Exercise requirements: When you write out the listing below, keep each word exactly as it stands and drop the pictures.

Raw data:
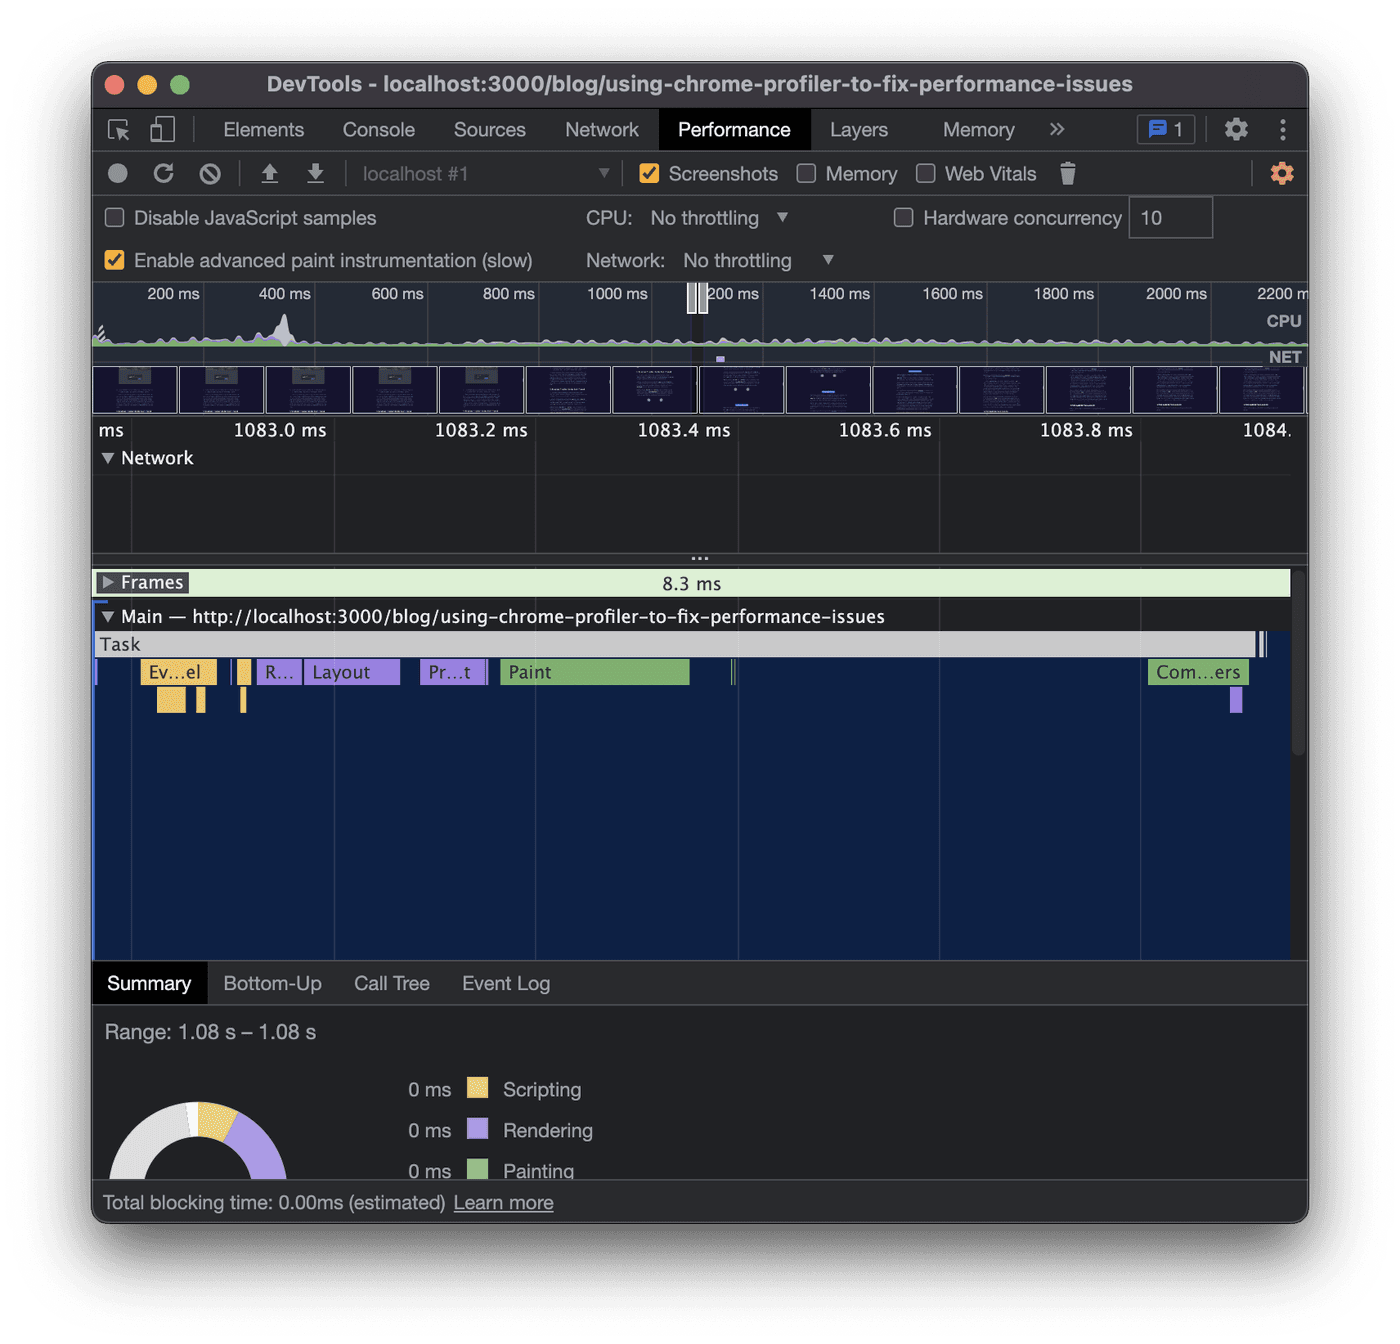 Chrome DevTools performance panel with profiling results shown.
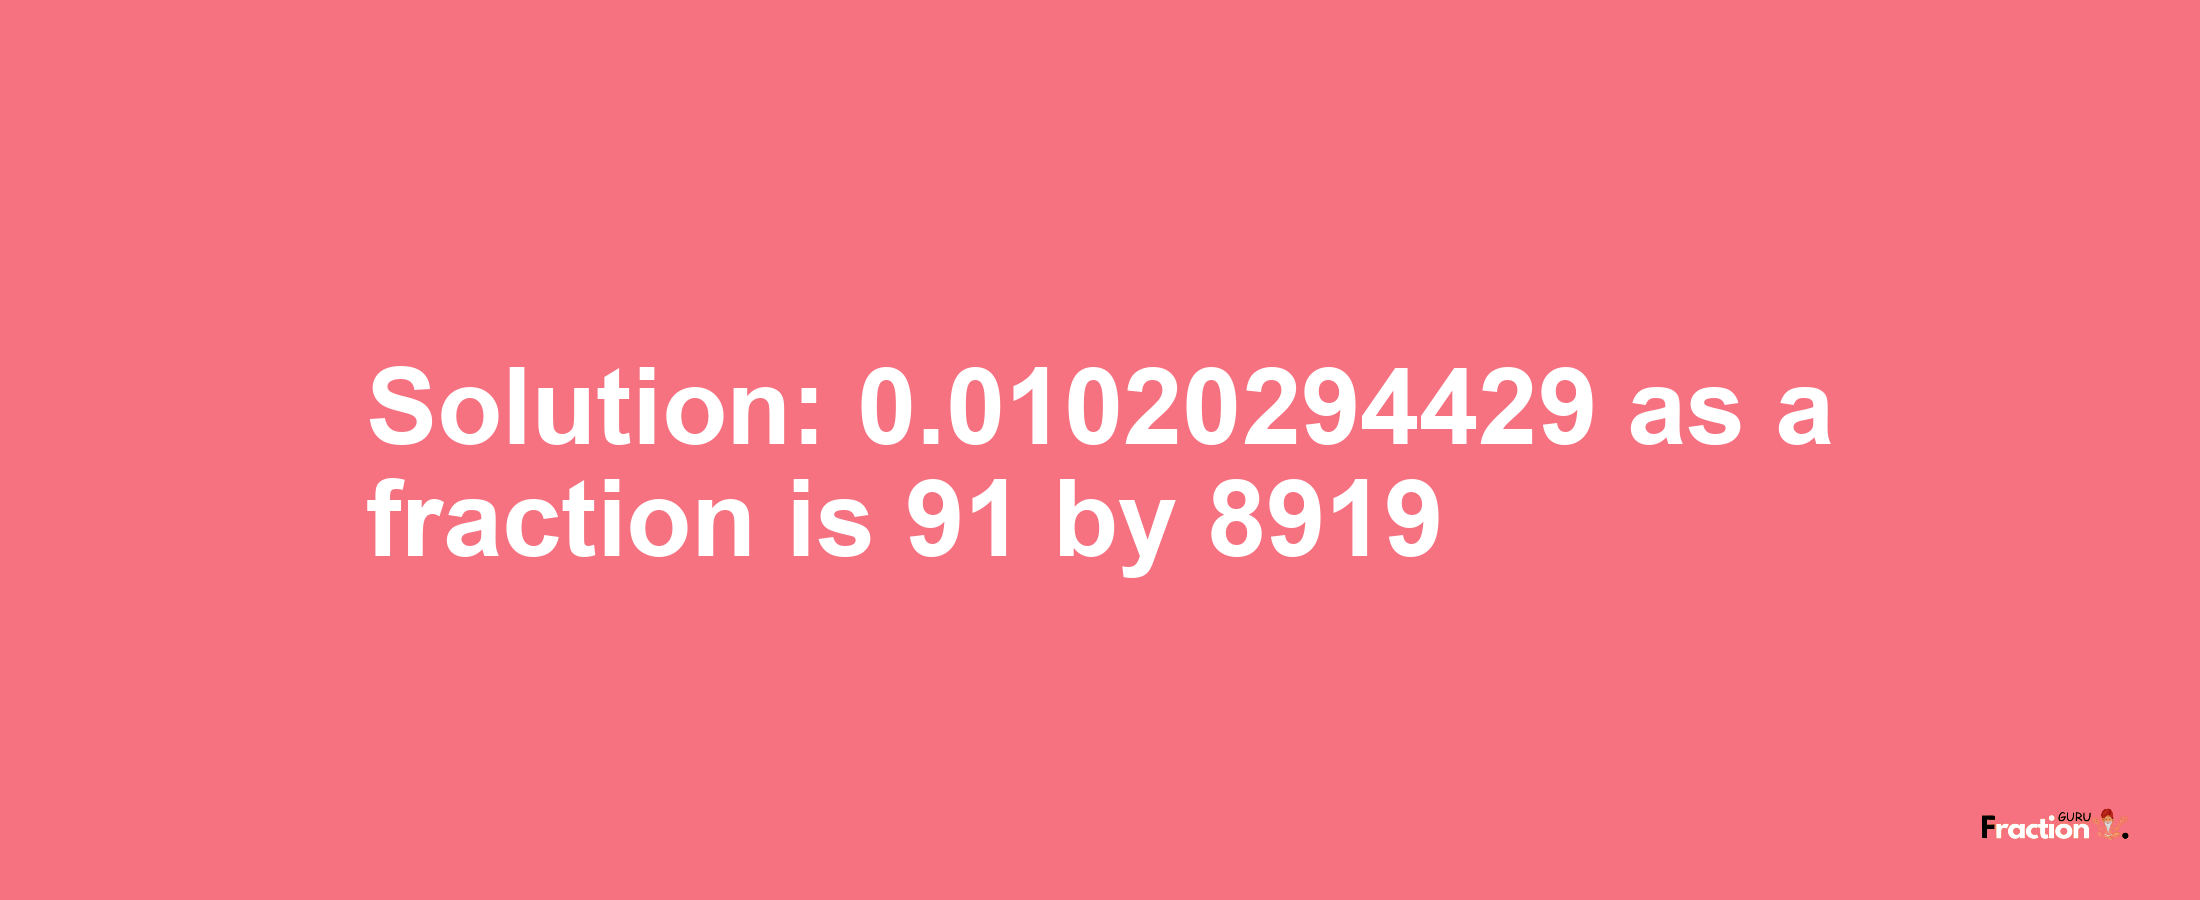 Solution:0.01020294429 as a fraction is 91/8919
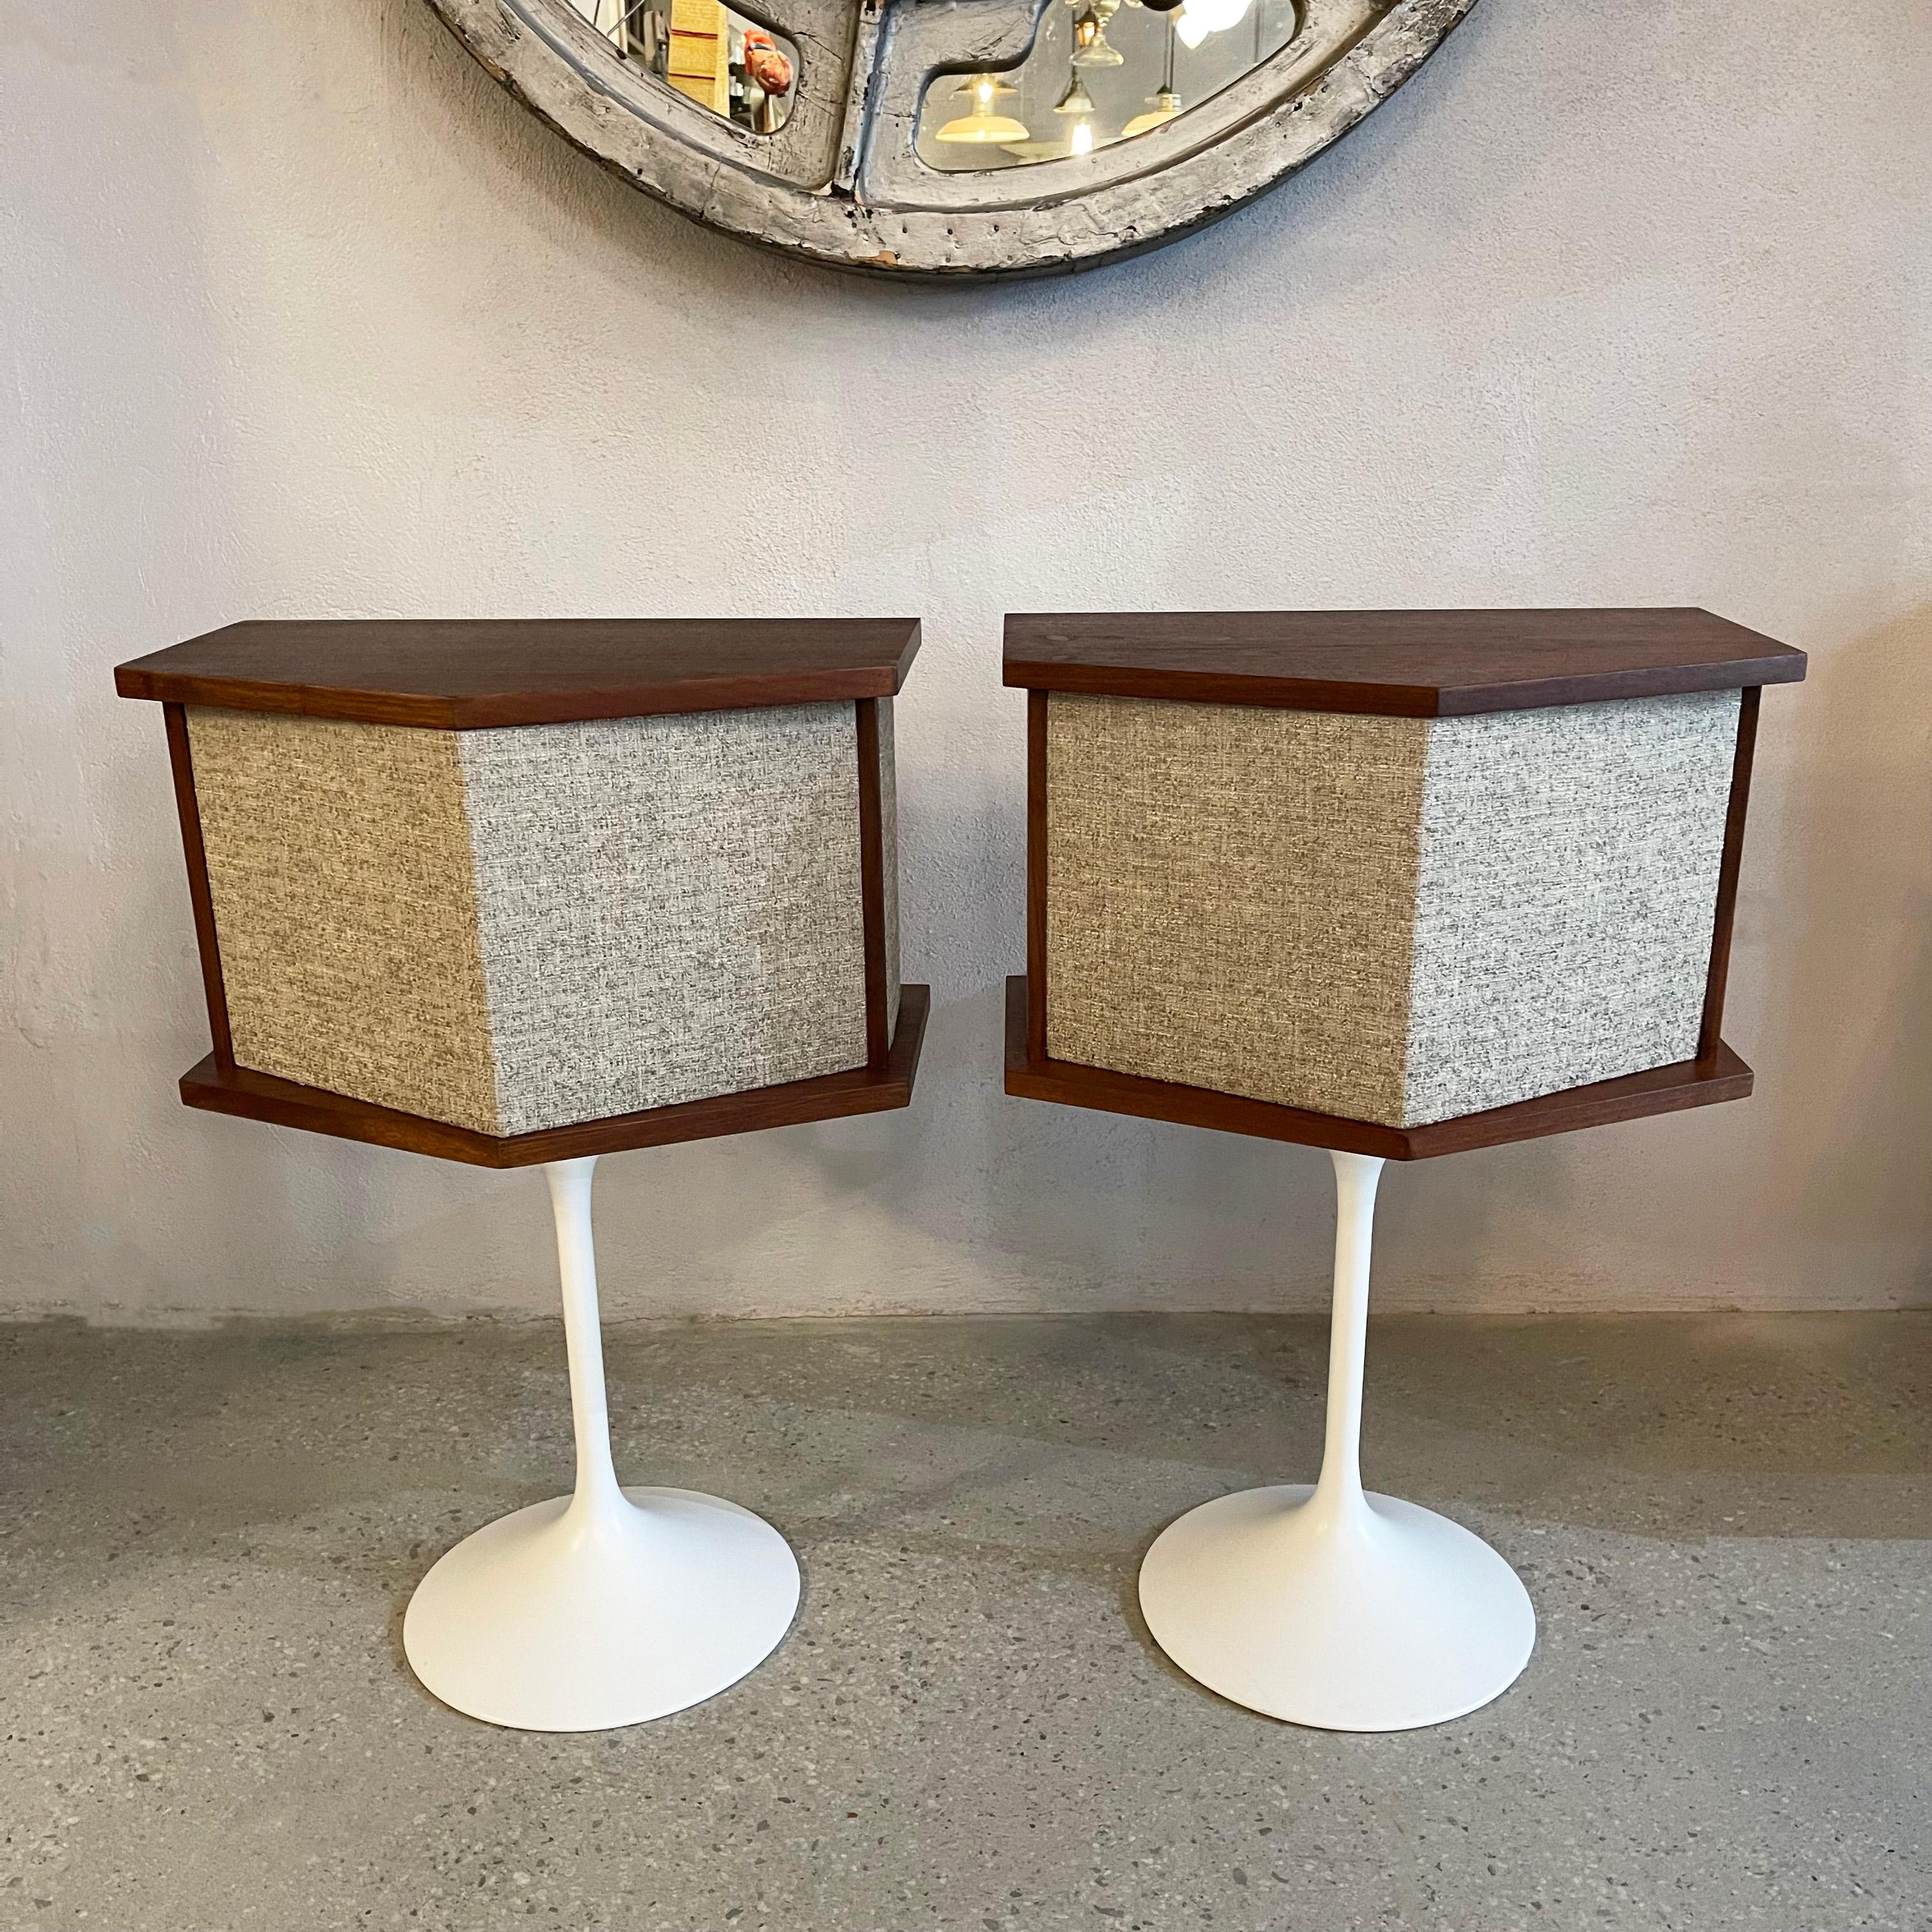 Pair of newly finished and upholstered, mid-century modern, Bose 901 series speakers on tulip base stands designed by the Finnish-American designer and architect Eero Saarinen, circa 1968. The speakers feature walnut frames with oatmeal beige tweed

Exercise answer:
 Chrome DevTools performance panel with profiling results shown.
 Solution:0.01020294429 as a fraction is 91/8919
 Pair of newly finished and upholstered, mid-century modern, Bose 901 series speakers on tulip base stands designed by the Finnish-American designer and architect Eero Saarinen, circa 1968. The speakers feature walnut frames with oatmeal beige tweed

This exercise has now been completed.